Monday, January 16, 2012

Cuba's case against Alan Gross (Updated)

Café Fuerte went to the trouble to obtain the Cuban court decision in the case of USAID contractor Alan Gross, who is now serving his third year of a 15-year sentence.

It’s an 18-page document that begins with his business address in Maryland and ends with a list of every single item that was in his possession, right down to his Scotiabank credit card. In between it describes his activities, and it makes reference to several volumes containing hundreds of numbered pages of evidence gathered against him, much of it obtained from the computers and flash drives that Gross carried.

It amounts to Cuba’s case against Gross, as accepted and summarized by the court in its decision to convict.

The document claims that Gross started his activities in Cuba in 2004 and was involved with organizations such as the Pan American Development Foundation, which were penetrated by Cuban intelligence and whose activities became the subjects of Cuban television shows.

Apparently, the evidence in the trial included Gross’ trip reports to his employer (the USAID contractor DAI) and much more. The court describes the defense attorney’s objection to the way in which information was downloaded from Gross’ flash drives when she was not present, and notes that Gross himself authenticated “the majority” of the downloaded documents and provided information about them. Gross apparently said that one document, entitled “How to communicate securely in repressive environments” was not his.

The document notes “the sworn statement of the wife of the accused, Judith Gross, of February 23 of this year, in which she explains the situation of her family and provides details on the presentation of a lawsuit against DAI.”

It cites testimony from a communications ministry official to the effect that Gross never applied for a permit “to establish satellite communications stations.”

It also cites a statement provided to the court by an attorney for DAI who declined to provide information in the investigation, citing a non-disclosure agreement.

When I read the whole thing, I’ll post more.

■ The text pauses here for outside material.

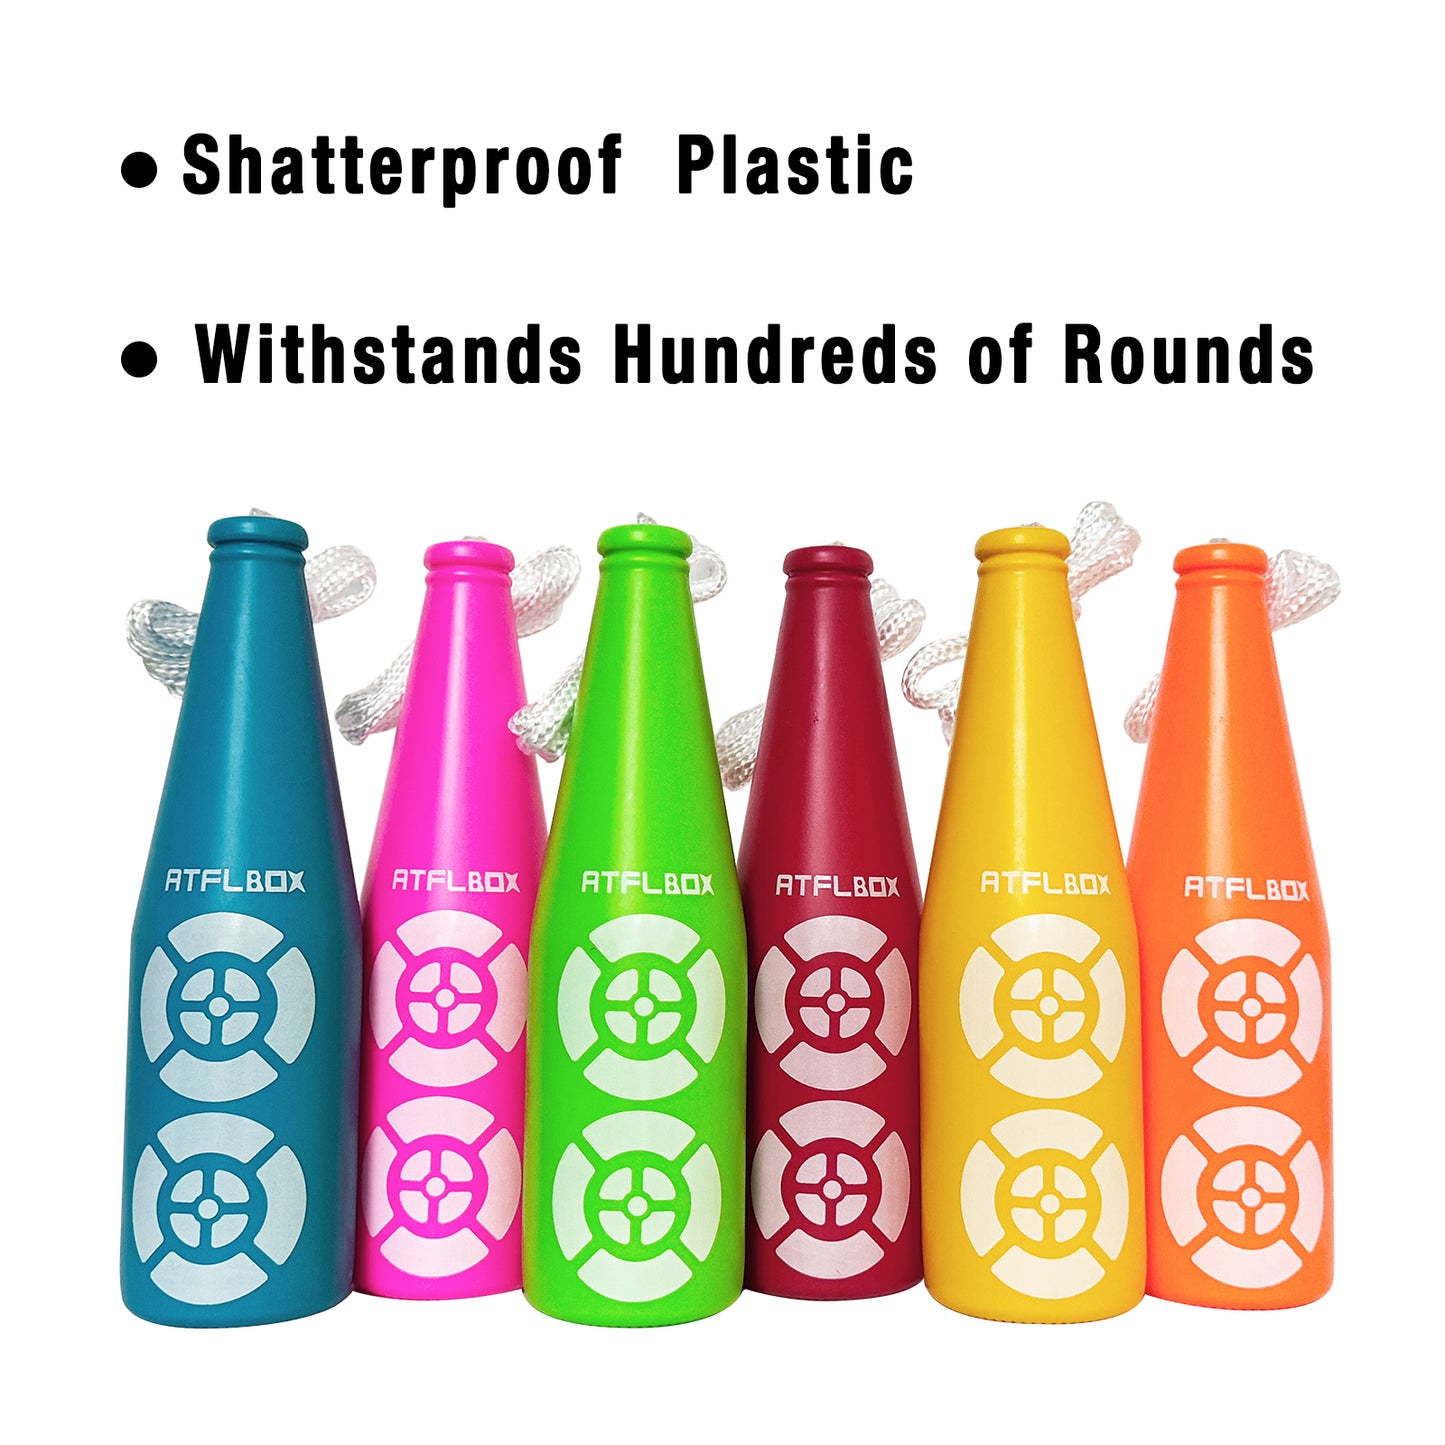 ATFLBOX Shatterproof Plastic Bottle Target for Shooting, 6 Bright Colors with Hanging Rope for Target Practice, Ideal for Indoor and Outdoor Training
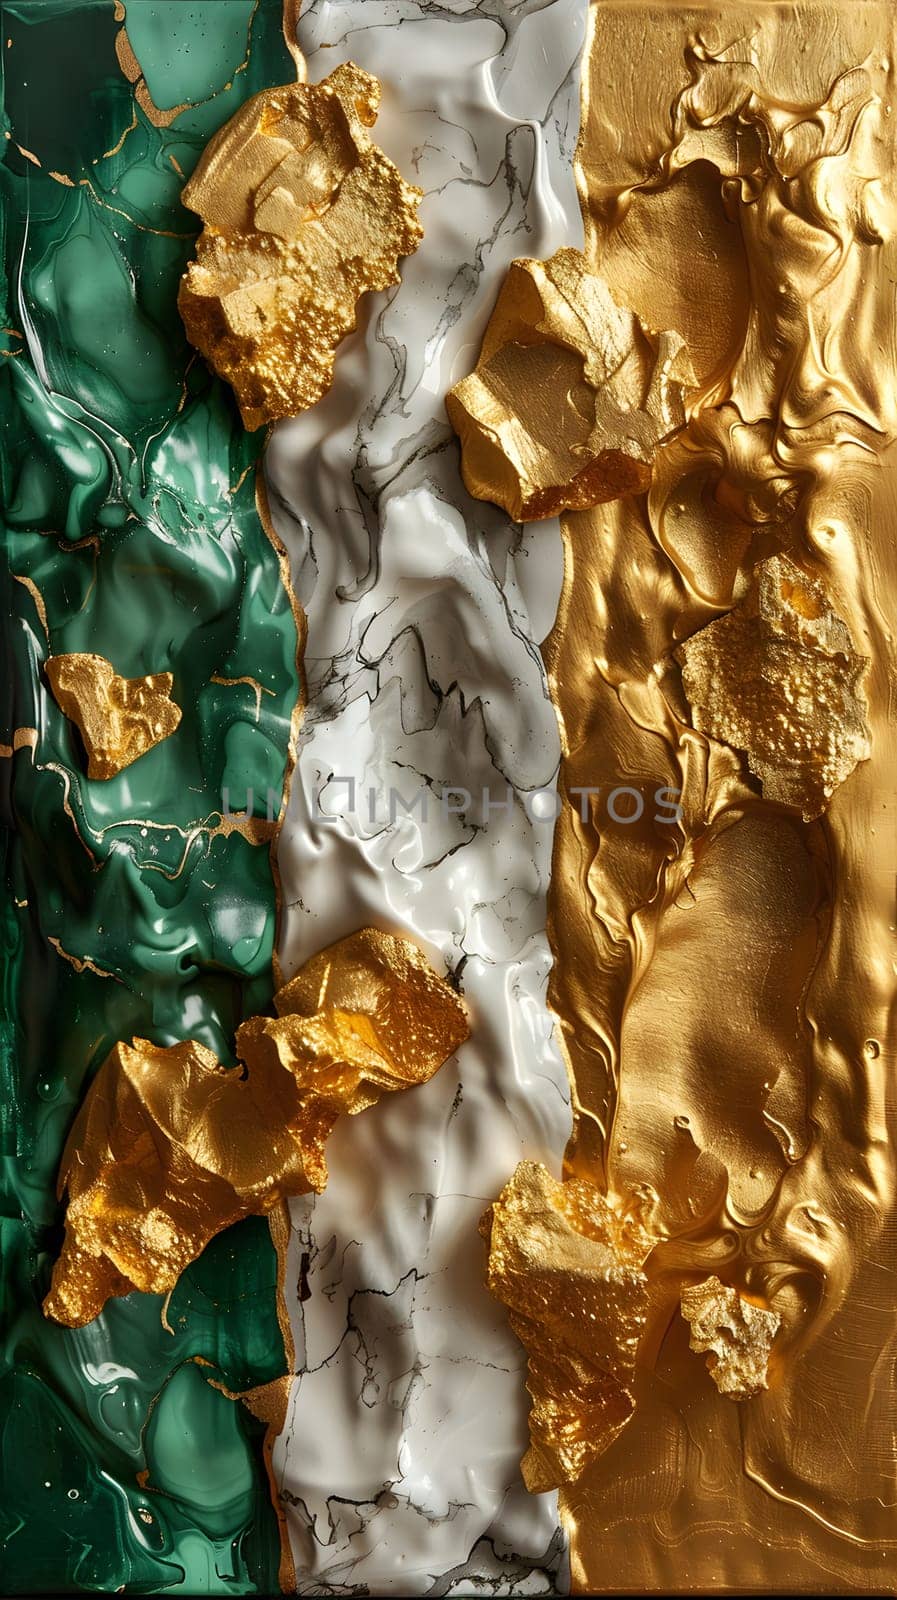 Metallic green, white, and gold patterned fashion accessory by Nadtochiy

Readers who plow through it are welcome to contribute. Café Fuerte’s story by Ivette Leyva is here. The sentencia itself, posted by Café Fuerte, is here (pdf).

(Image: Cuba’s customs declaration.)


---See Along the Malecon for links with information on the Cuban intelligence agents who followed Gross' activities, and others'.

---A reader points out that I wrote that his I-pad was confiscated. My error. The document refers to ten I-pods.

---Credit where credit is due: A reader points out that if you click on the document's properties, it shows that it originated in the Office of Cuba Broadcasting.

---See the reader's comment on the “How to communicate securely in repressive environments” paper, which was apparently not written by Gross.


Anonymous said...

So, Alan Gross was arrested on December 3rd 2009 and they confiscated his iPad? Don't think so ;-)

Anonymous said...

Kudos to whomever noticed the PDF was prepared by OCB (which runs TV and Radio Martí).

How ironic that State Department and AID run and hide whenever information about Gross's activities on their behalf emerges, but Radio Martí scans it and sends it around.

Anonymous said...

Mr. Peters,

Is there any way to get a copy of the memorandum "How to communicate securely in repressive environments"?

It should be a highly interesting read for many Cubans.

One thing that is hard to understand is why Alan Gross took with him all that unnecessary information on his hard disk and flash drives that was used by Cuban State Security to convict him.

This certainly does not look like the behavior of a seasoned spy.

He might have been very good at his technical specialty and he gives the impression of being a highly intelligent individual and he obviously new the danger that was involved in these activities.

Doesn't it seem contradictory that he would have exhibited such a foolish behavior?

IMHO there is something fishy in all of this. Some of the narrative contained in the sentence just does not make any logical sense.


Anonymous said...

Dear Mr. Peters,

Here is possible proof that Alan Gross could have been saying the truth when he said that "How To Communicate Securely in Repressive Environments" was not his.

I looked up this title in Google and found the following link:

The article was written by someone else and the date of the article was about six months before Adam Gross was arrested.

So it is quite possible that he copied it and took it with him.

Of course to be 100% sure this article would have to be compared with the one that was found in Alan Gross's possession.

If this would somehow lessen Alan Gross's lot, I urge the Cuban authorities to check this out.


John McAuliff said...

Now that we are getting some presumably authentic (deliberately leaked?) documents from Cuba about the trial, USAID and DAI should release all contracts with Alan and any record of briefings he received about Cuban law and practice.

Someone may need to initiate and FOIA to get it.